Karakitsou et al. (2025) applied these theoretical insights by using visual metaphors to elicit faculty attitudes toward GenAI. Their findings mirrored the literature’s duality (optimism about creativity and productivity alongside concerns over autonomy, dehumanization, and ethics), reinforcing that metaphorical framings shape both cognition and discourse in higher education.
These complementary studies demonstrate how metaphors can advance Critical GenAI Literacy by revealing implicit perceptions through visual methods like metaphor elicitation and projective techniques. They also underscore the need for deliberate use of metaphor in teaching, communication, and policy: visual and linguistic framing should clarify rather than mystify GenAI, temper hype, and promote informed engagement. Moreover, the continuum of metaphors identified here provides a practical framework for designing instructional materials, visual communication, and faculty development initiatives that cultivate reflective and ethical integration of GenAI in education.

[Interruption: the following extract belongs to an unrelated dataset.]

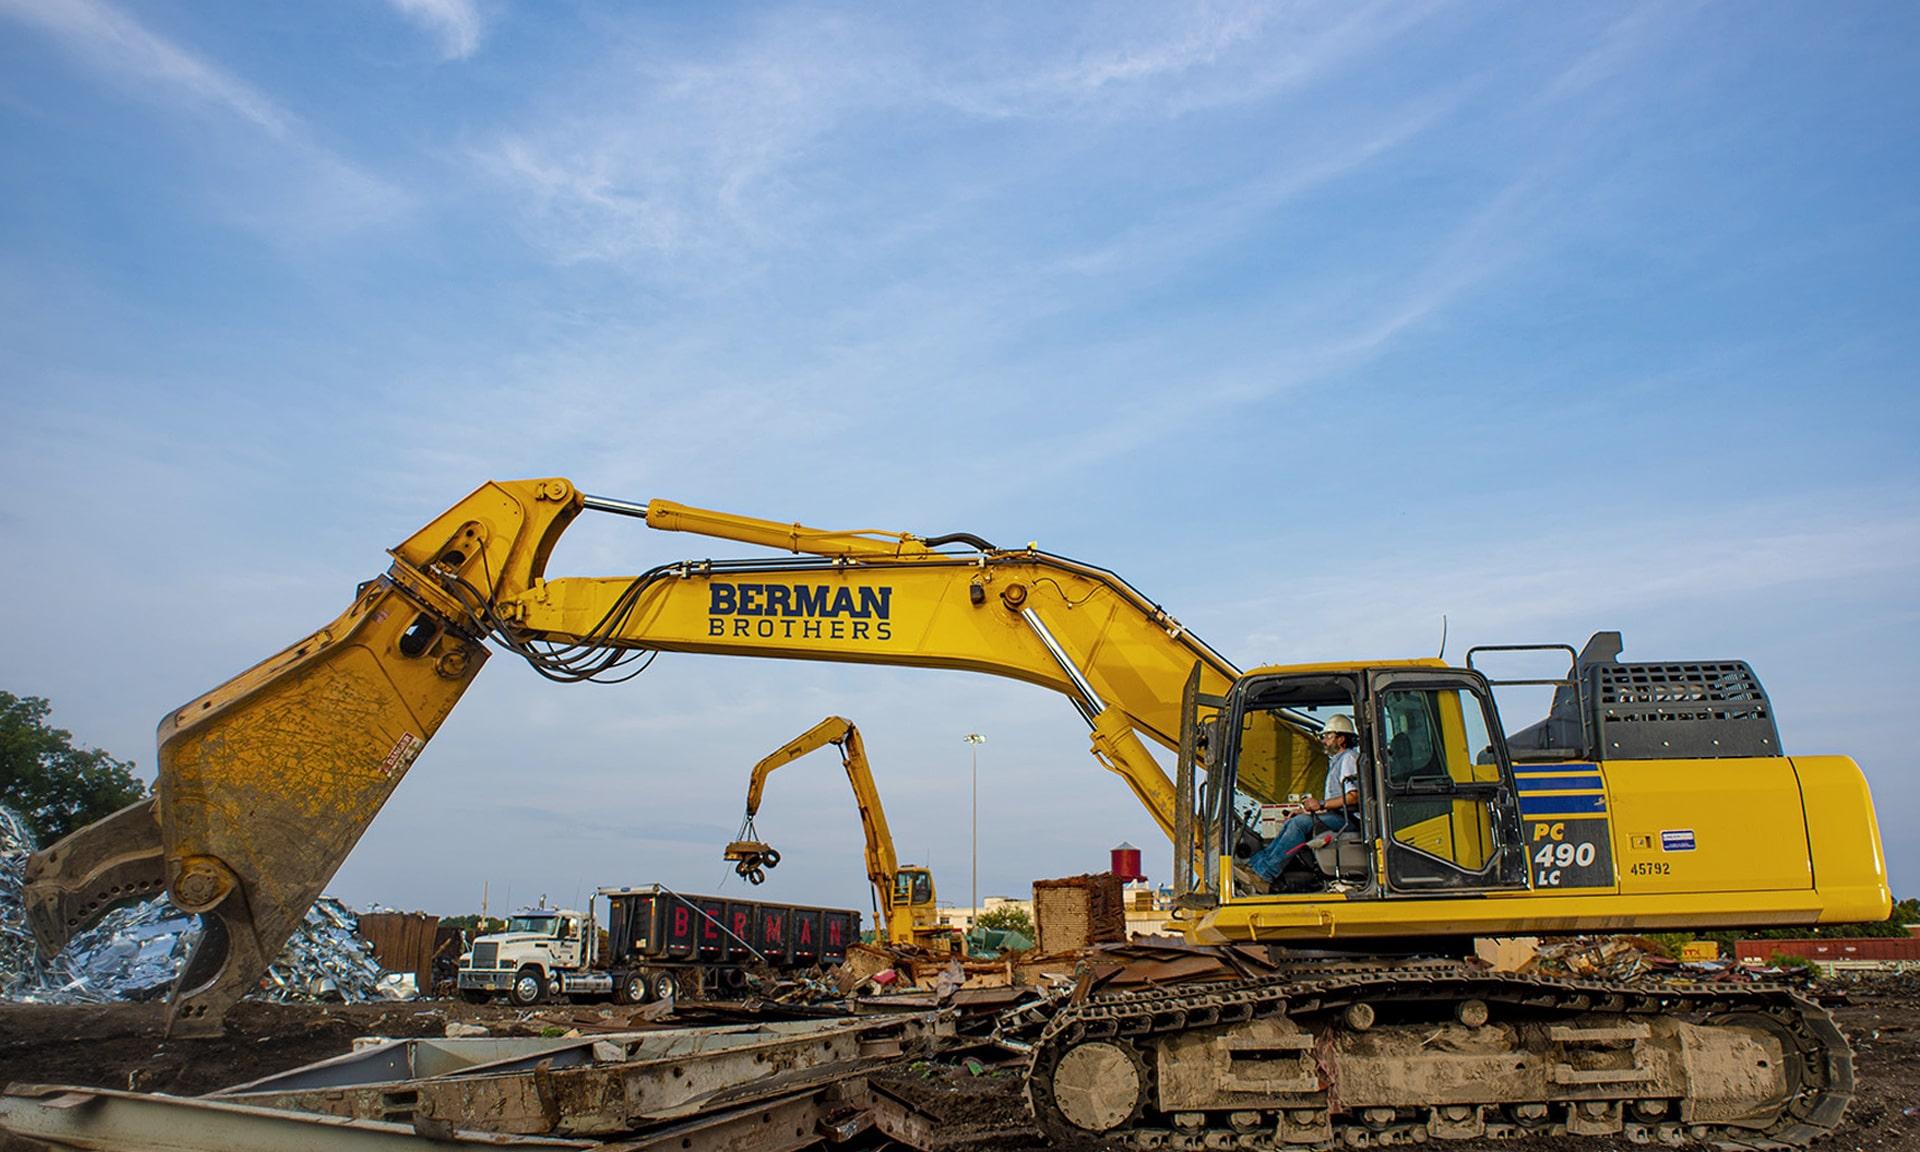 Komatsu hydraulic excavators
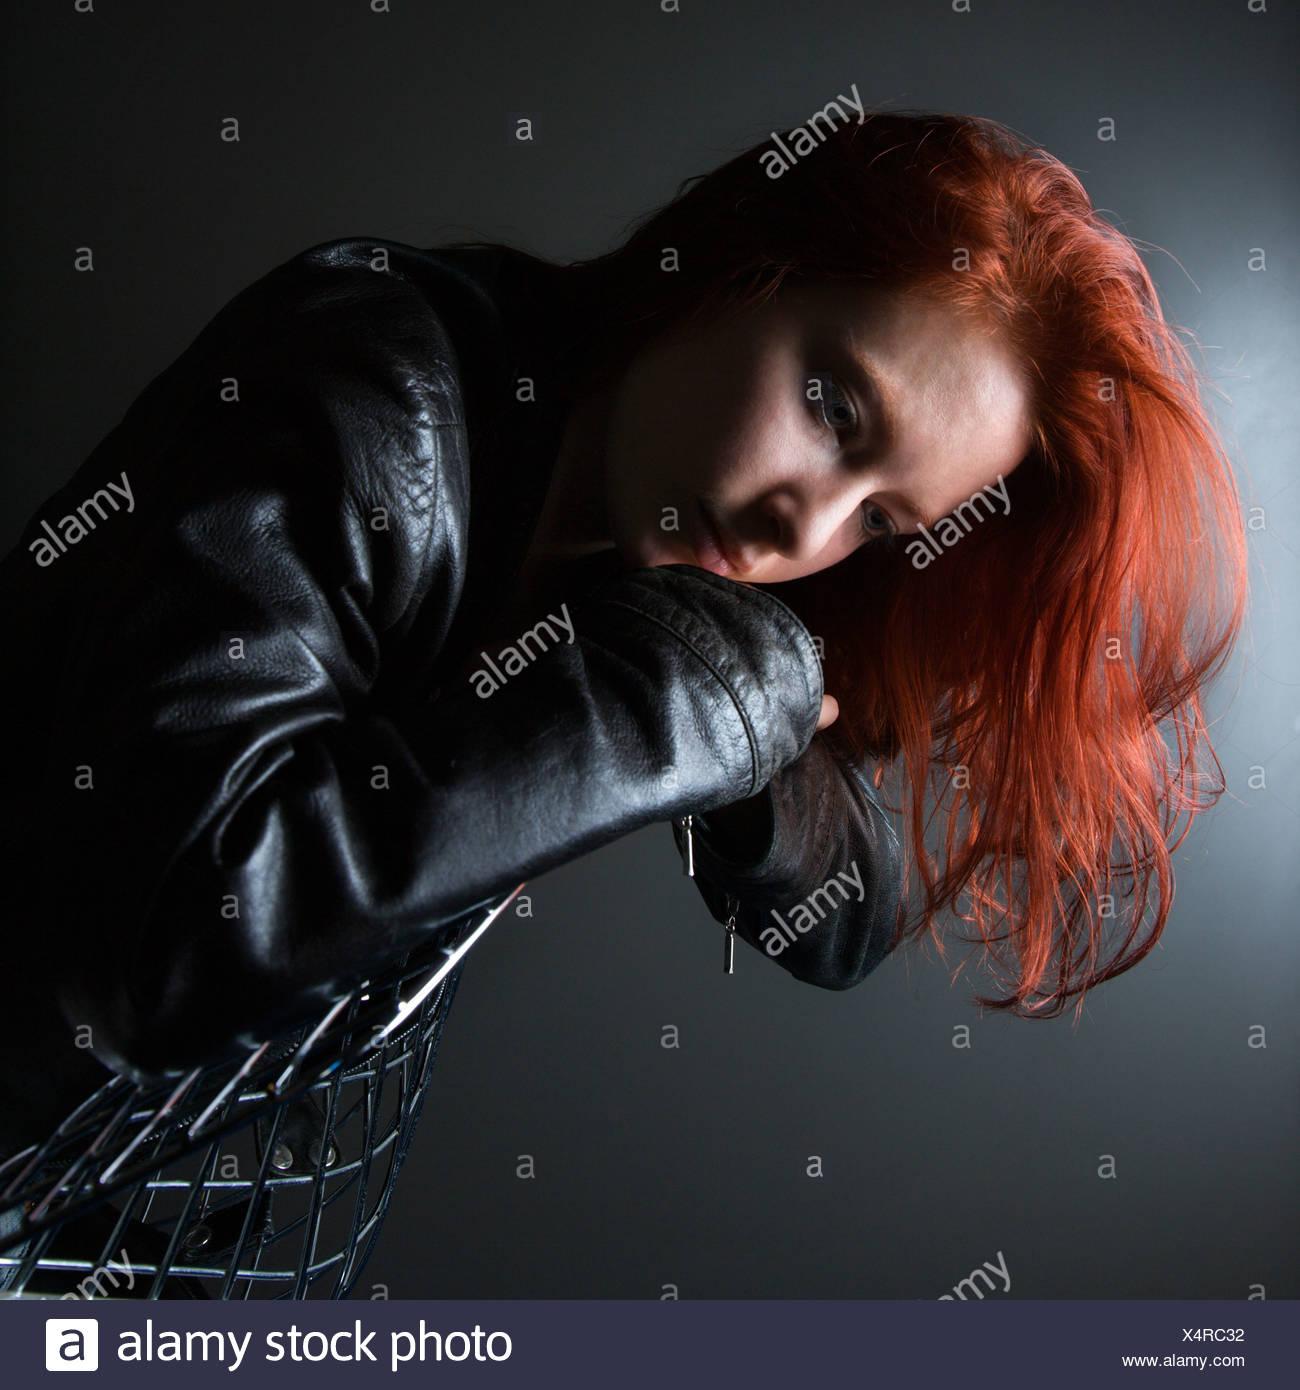 Hübsche rothaarige junge Frau trägt Lederjacke über Rückseite Stuhl hängen Stockfoto

This study contributes to ongoing discussions on perceptions of GenAI by demonstrating how visual metaphors shape our understanding. By examining the current literature on GenAI visual metaphors, the study offers a novel approach to unpacking GenAI discourse and fostering more critical, informed engagement with emerging technologies. By analyzing the use of visual metaphors, we can enhance GenAI literacy, avoid misconceptions, and equip educators and learners with the criticality necessary to navigate the evolving digital landscape.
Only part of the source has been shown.